Rezvyy, along with many other ships of the class, undertook a number of visits to friendly nations. For example, between 7 and 11 September 1982, the ship spent time in Pointe-Noire, Congo. From 2 to 10 December, Rezvyy could be found at the port of Havana, Cuba. The crew would often spend these visits involved in cultural interchanges with the local population. In Cuba, they also hosted a celebration in honour of the foundation of the Soviet Union as well as undertaking joint exercises in the Caribbean Sea.

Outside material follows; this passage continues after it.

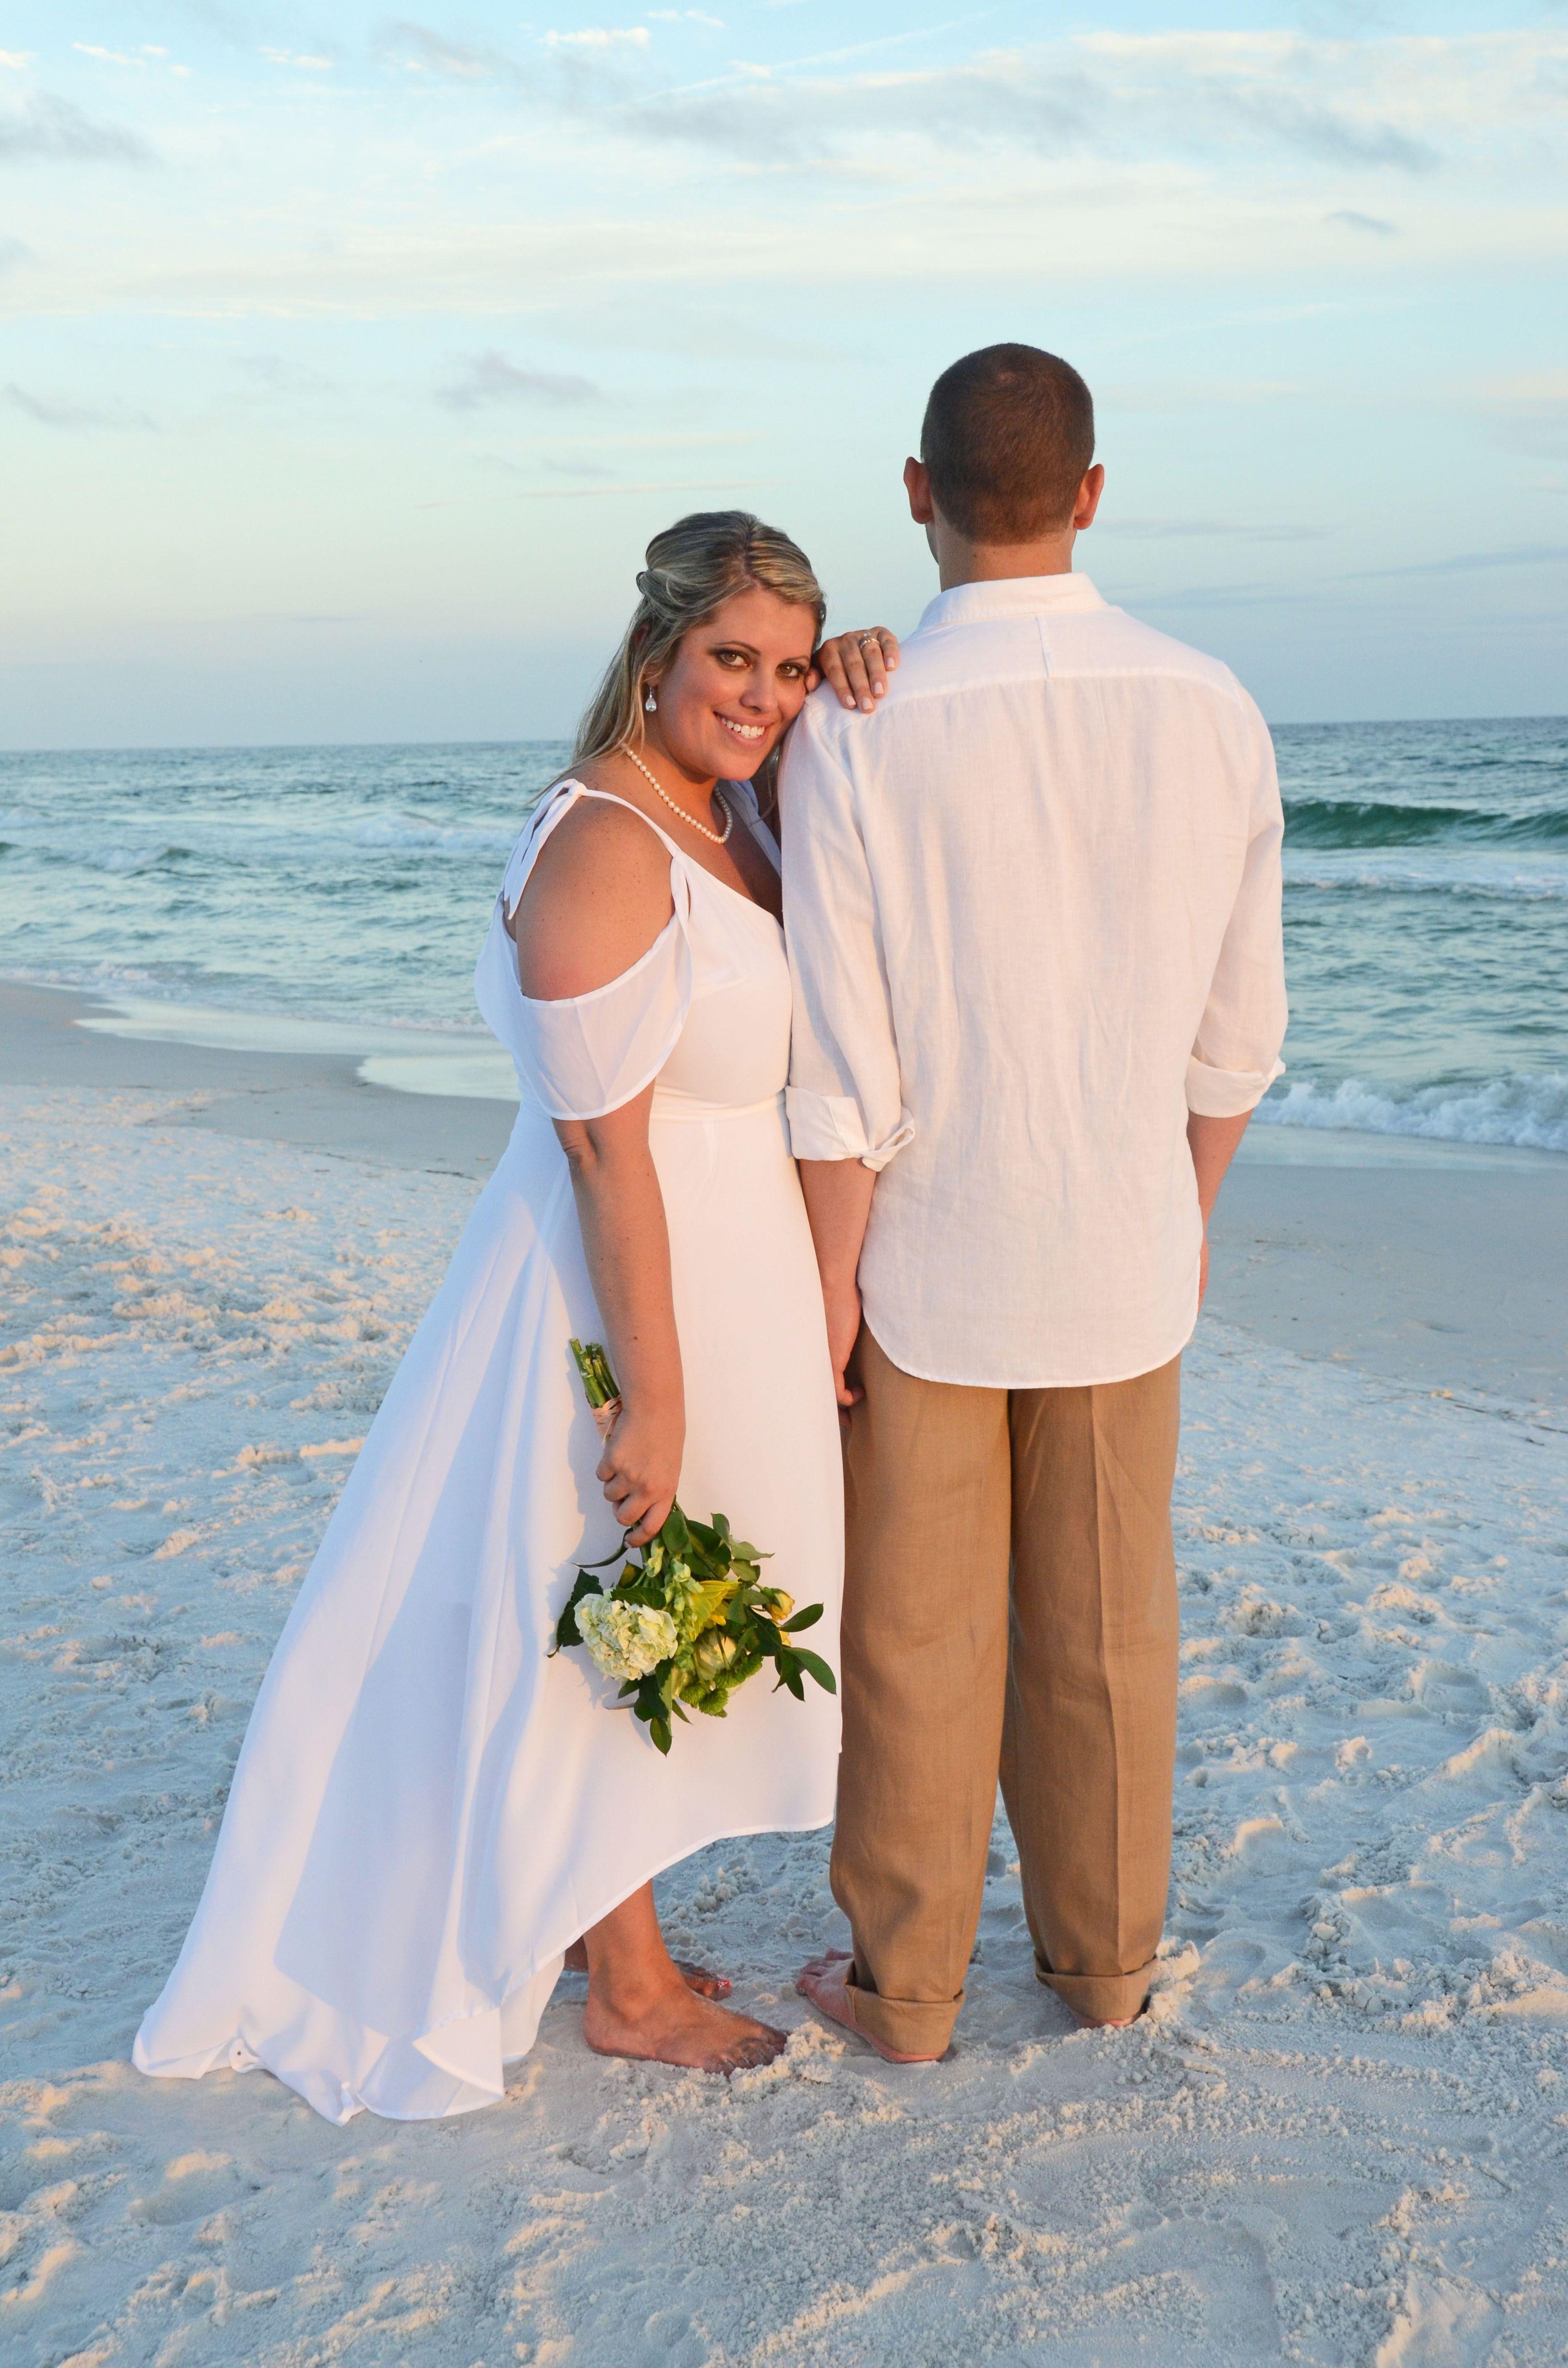 Wedding renewal dresses for beach  Dune Allen Beach Florida destination beach wedding  Beach Brides

The vessel returned to Havana at the end of December 1984. On this trip, Rezvyy, along with the Project 1134A cruiser , sailed within 30 mi of the Mississippi Delta, the closest that a Soviet Navy vessel had been to the US mainland since they started entering the Caribbean in 1969. The ship also took part in large naval exercises, like Atlantic-84, which ran between 31 March and 8 April 1984 and involved over 29 warships including the Project 1144 Orlan (NATO reporting name 'Kirov'-class) battlecruiser , in the Atlantic Ocean. One of the aims of the exercise was to demonstrate blue water capabilities of the Soviet Navy.

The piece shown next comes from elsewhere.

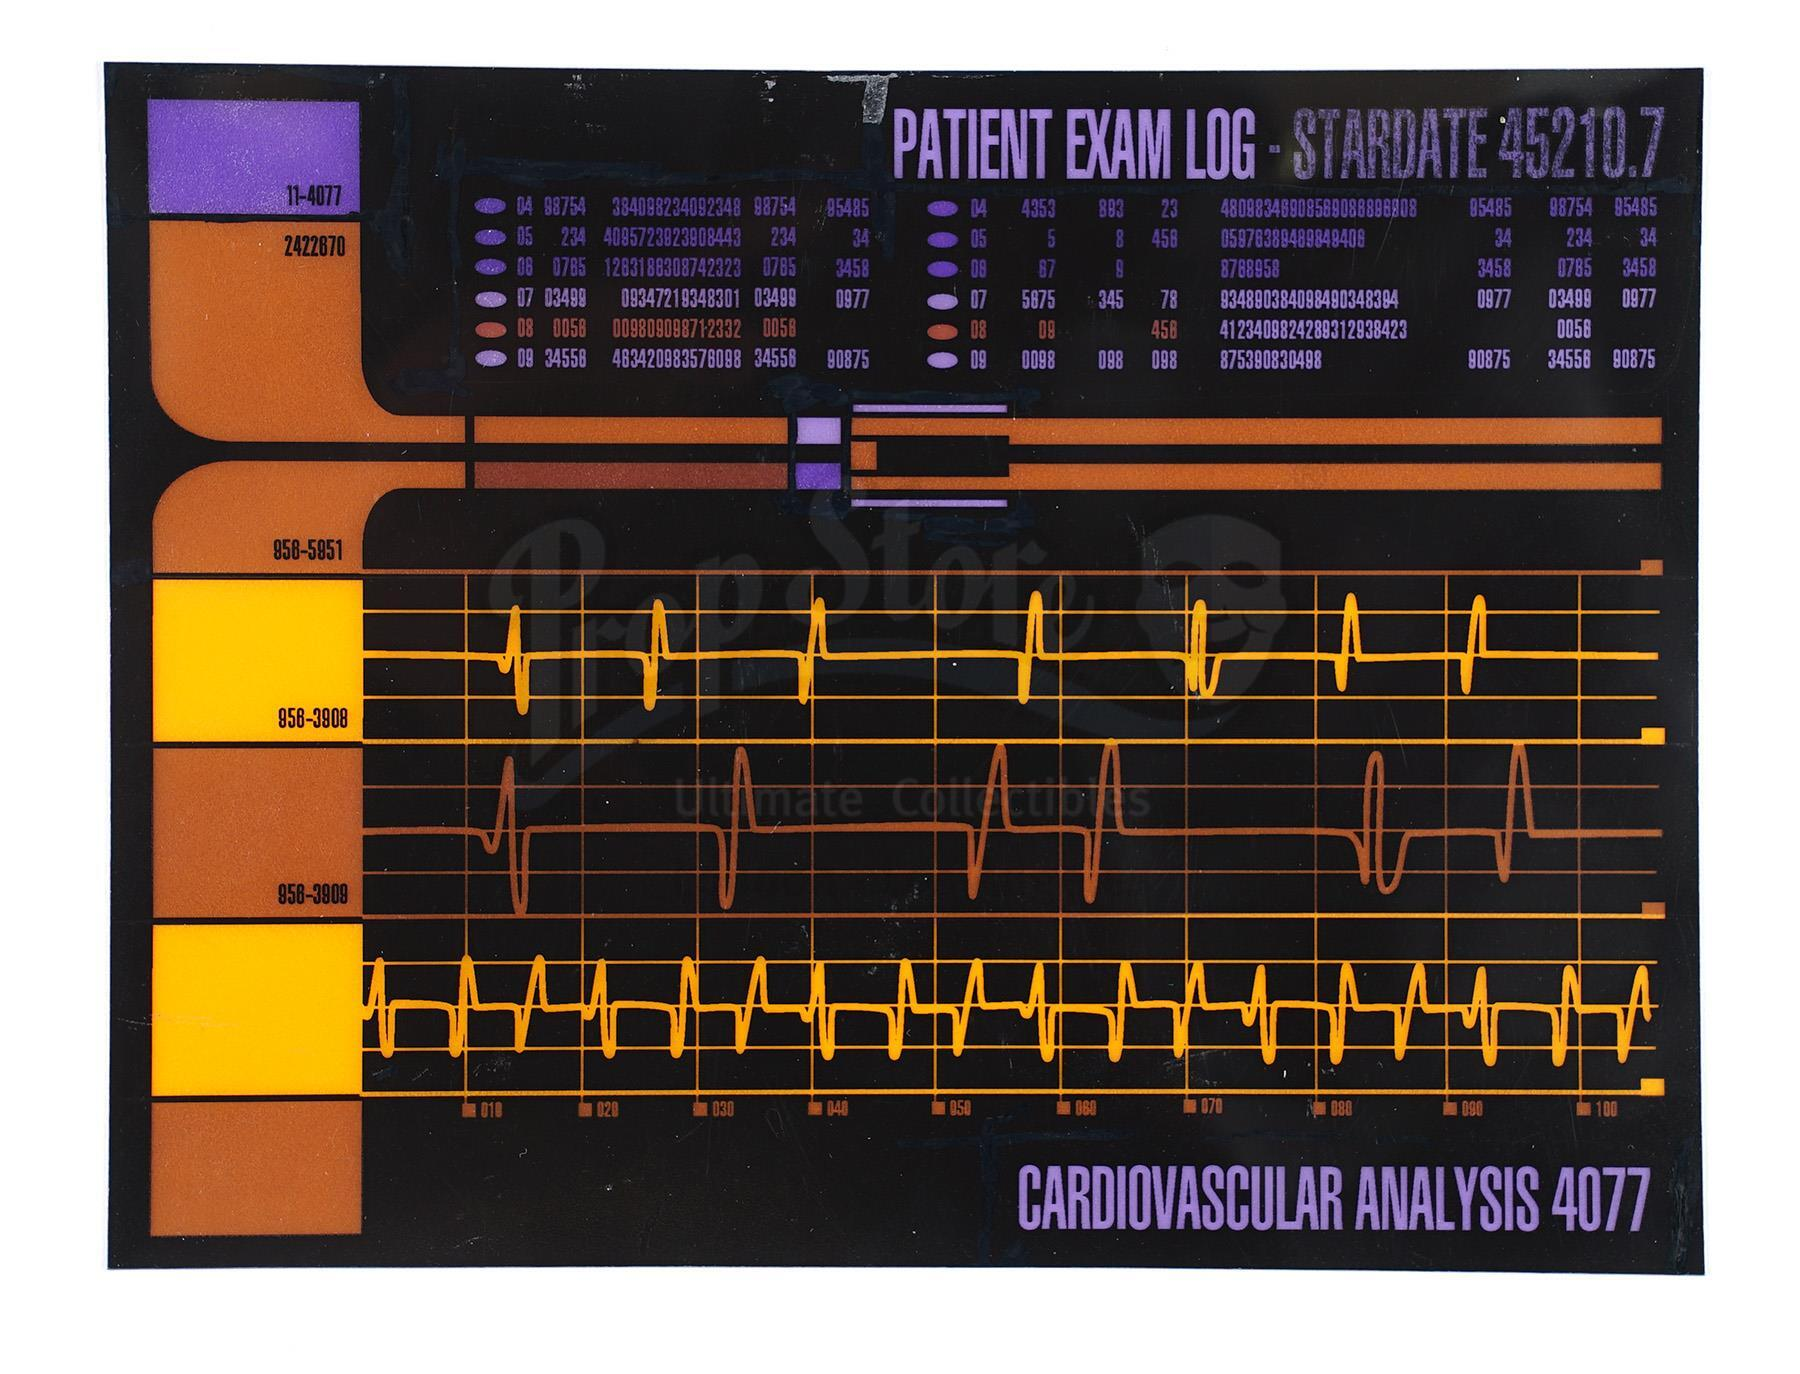 Lot # 1065: STAR TREK: THE NEXT GENERATION - Medical LCARS Panel of Jean-Luc Picard's (Patrick Stewa

On 8 December 1989, requiring maintenance after a long period of continuous service, Rezvyy was sent to Shipyard No. 35 in Murmansk to be refitted. The vessel was recommissioned on 6 August 1992. By this time, the dissolution of the Soviet Union had meant that the Soviet Navy ceased to exist. Rezvyy entered service with the Russian Navy. Visits to other ports continued, but the range of nations expanded, For example, between 14 and 18 May 1993, the ship visited Tromsø in Norway, a member country of NATO. On 1 June 2001, Rezvyy was decommissioned, disarmed at Murmansk and subsequently broken up.